44 If Mr Bryant's headaches were solely the result of an ailment other than the accepted injury, "muscle tension type headaches" condition, then no compensation under s 24 of the Act would be payable in respect of the accepted injury. That would be because, whatever degree of permanent impairment from which Mr Bryant suffered, that impairment would not have "resulted from" that accepted injury. The task for the Tribunal was to decide for itself the degree of permanent impairment which had "resulted from" the accepted injury: Comcare v Amorebieta (1996) 66 FCR 83, at 96.
45 That is not though, as its reasons evidence, how the Tribunal conceived its task. The Tribunal, wrongly, conceived that its task was to assess the impairment that had "resulted from service life". This aspect of the jurisdictional challenge made by the Appellant has merit.
46 Further comment is also necessary in relation to the way in which the Tribunal dealt with this matter.

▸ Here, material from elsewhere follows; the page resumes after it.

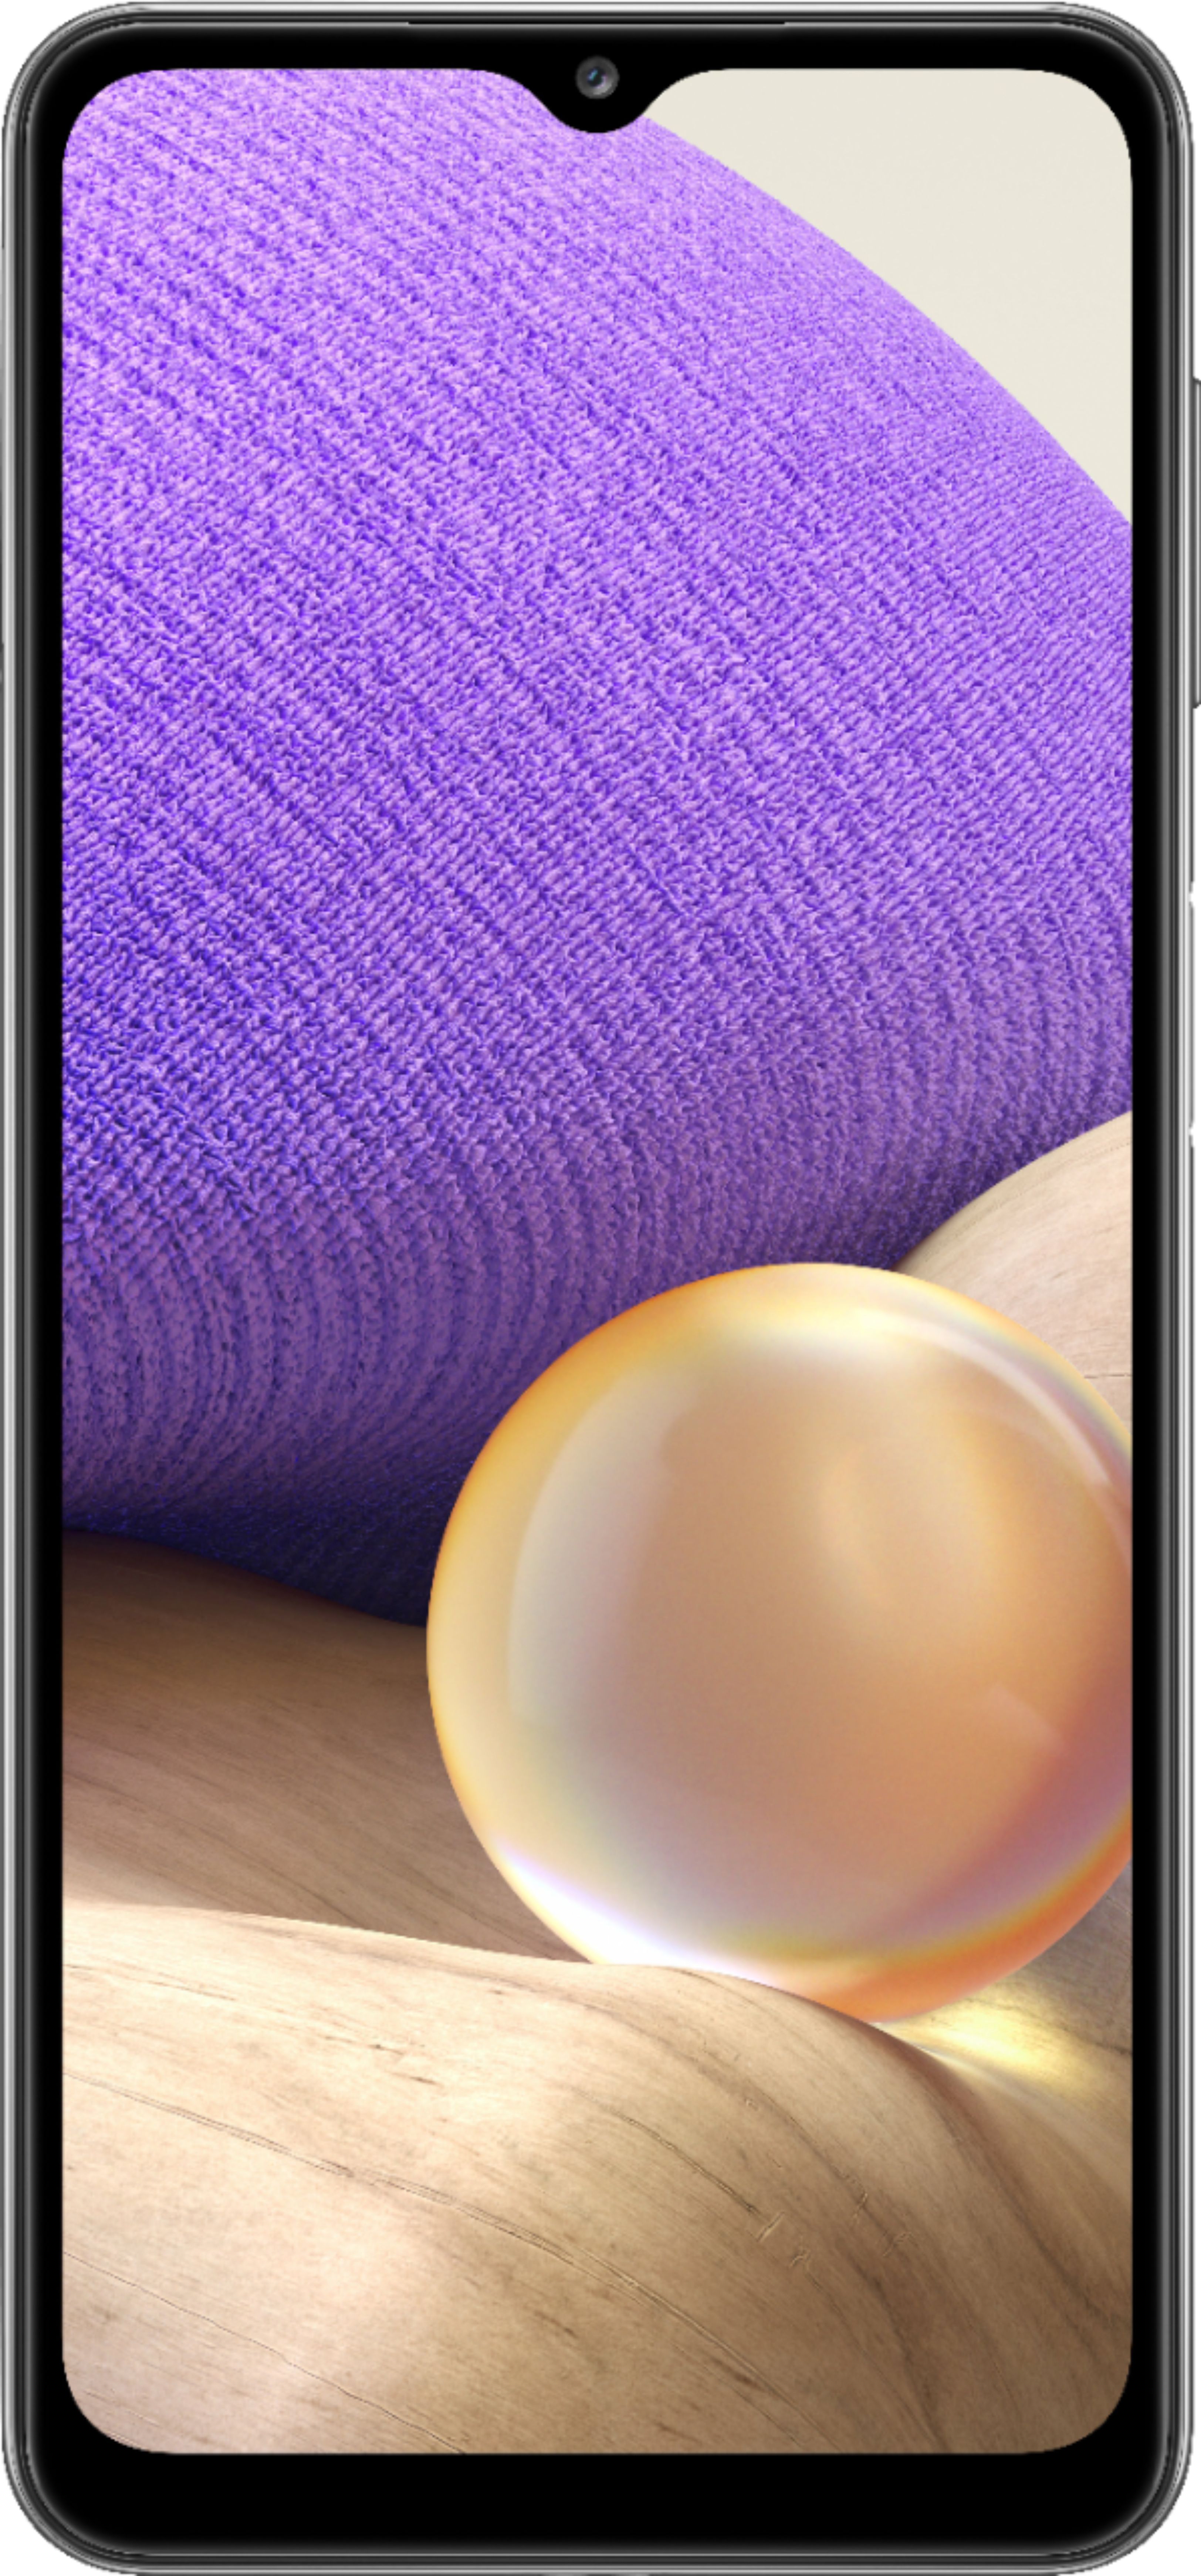 Samsung Galaxy A23 5G, 1 color in 64GB

47 The relevant compensable "injury", from which the Tribunal accepted Mr Bryant suffered was a particular type of headache condition, "muscle tension type headaches", not "headaches" generally. It may be that it is possible definitively to distinguish the symptoms of "muscle tension type headaches" from those occasioned by, for example, psychological factors or sleep apnoea. Equally, it may to some extent not be possible to draw such a distinction. To the extent that it is not, the Tribunal, like the Commission, was obliged to assess impairment by reference to the totality of impairment "resulting from" the accepted injury on the footing that it was not possible to isolate from that impairment anything which did not result either from another "injury" or from a condition which could never constitute an "injury". A like approach is taken where it is not possible to isolate the impairment flowing from an aggravation of an underlying condition from that flowing from the underlying condition itself: Jordan v Australian Postal Corporation (2007) 99 ALD 303 at 310, [30]. It is settled that in those circumstances a body such as the Commission or the Tribunal sitting in its place is obliged to make an assessment beneficially in favour of a claimant.

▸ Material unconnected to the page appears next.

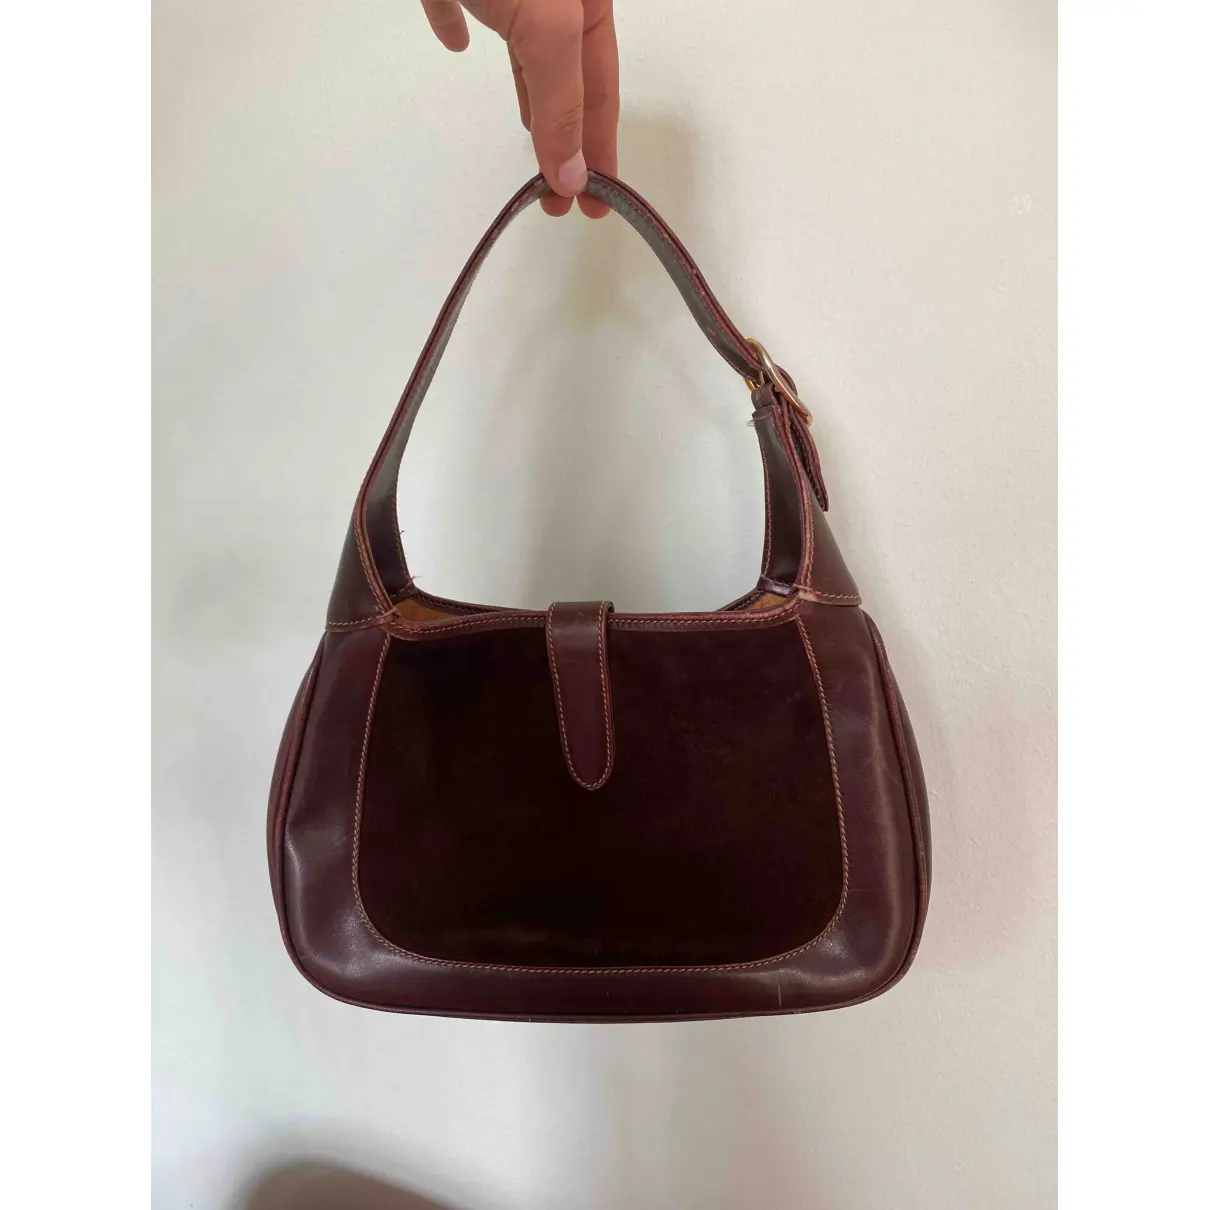 Buy Gucci Jackie 1961 leather handbag online - Vintage

48 In his most recent report, that of 3 November 2006, Dr Lethlean opined, inter alia:
· "My impression is that psychological factors are the principal ones interfering with the wide range of activities as now described [by Mr Bryant]. I would not modify my assessment without the opportunity of re-assessing Mr Bryant clinically and discussing his condition, symptoms and restrictions."

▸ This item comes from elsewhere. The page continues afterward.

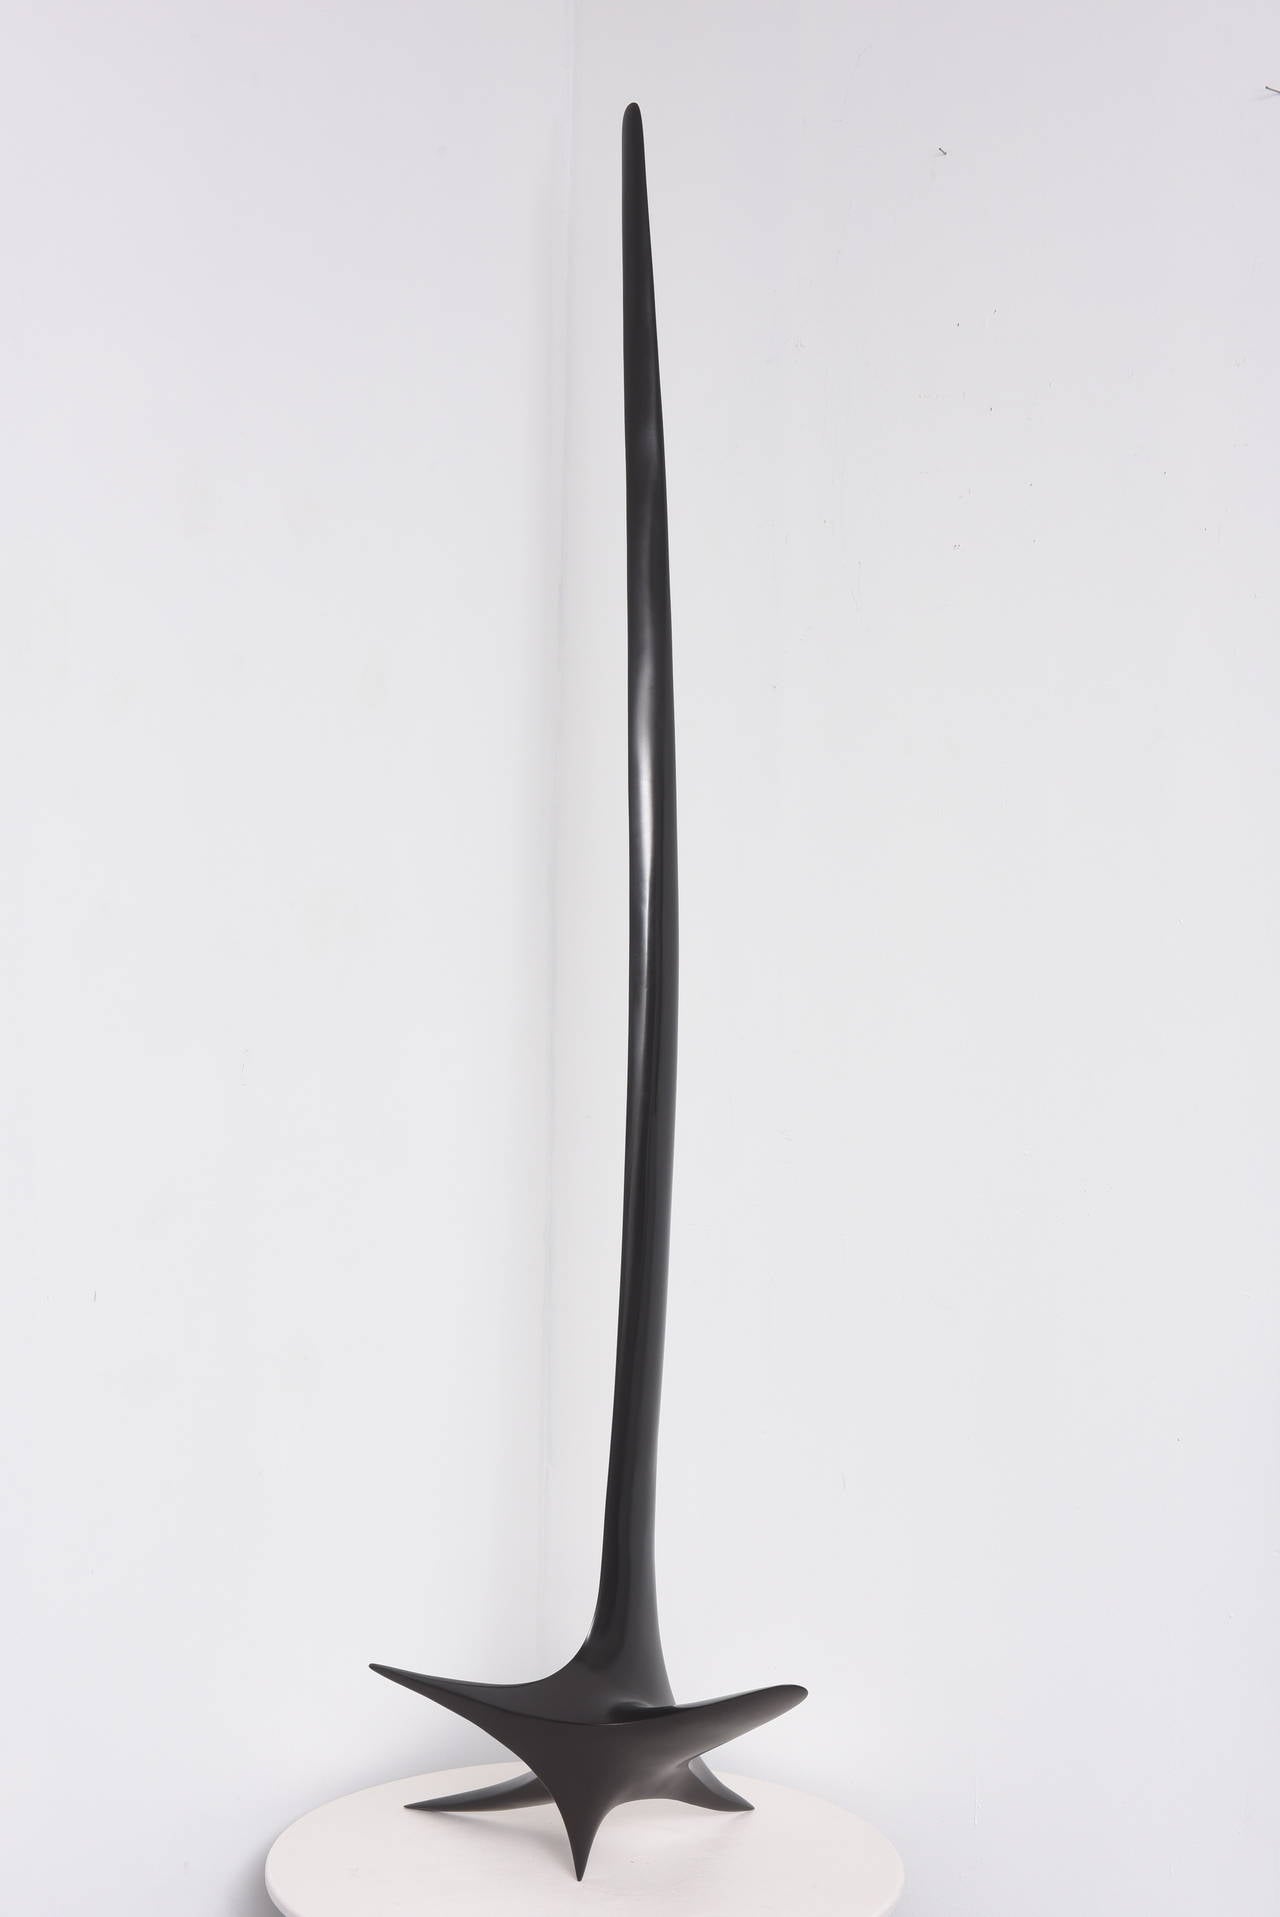 Abstract Sculpture Patrice Breteau - Icare - Glaçage

· "Mr Bryant's Table 13'1 impairment might well be assessed at 10% WPI, or a higher impairment, but this should … be made with clinical reassessment."
· "On 31 October 2005 Mr Bryant reported that sleep apoena had been diagnosed. Sleep apnoea in itself can cause (or increase) headaches, concentration and tiredness difficulties. It's possible that this is relevant to his current and continuing difficulties." (Emphasis added).
49 As to sleep apnoea, the following answer was elicited in cross-examination from Dr Lethlean:
"So it would be fair to say that your considered opinion, even to this day, is that the diagnosed condition that you have diagnosed for Mr Bryant is a muscle tension headache for which the service is responsible, at least to the extent of being a 51% contributing factor?
Yes."
50 Dr Lethlean's consistent, considered opinion was that the level of impairment from which Mr Bryant suffered, assessed by reference to Table 13.1 was 0%. He was also adamant in cross-examination that Mr Bryant needed to be reassessed.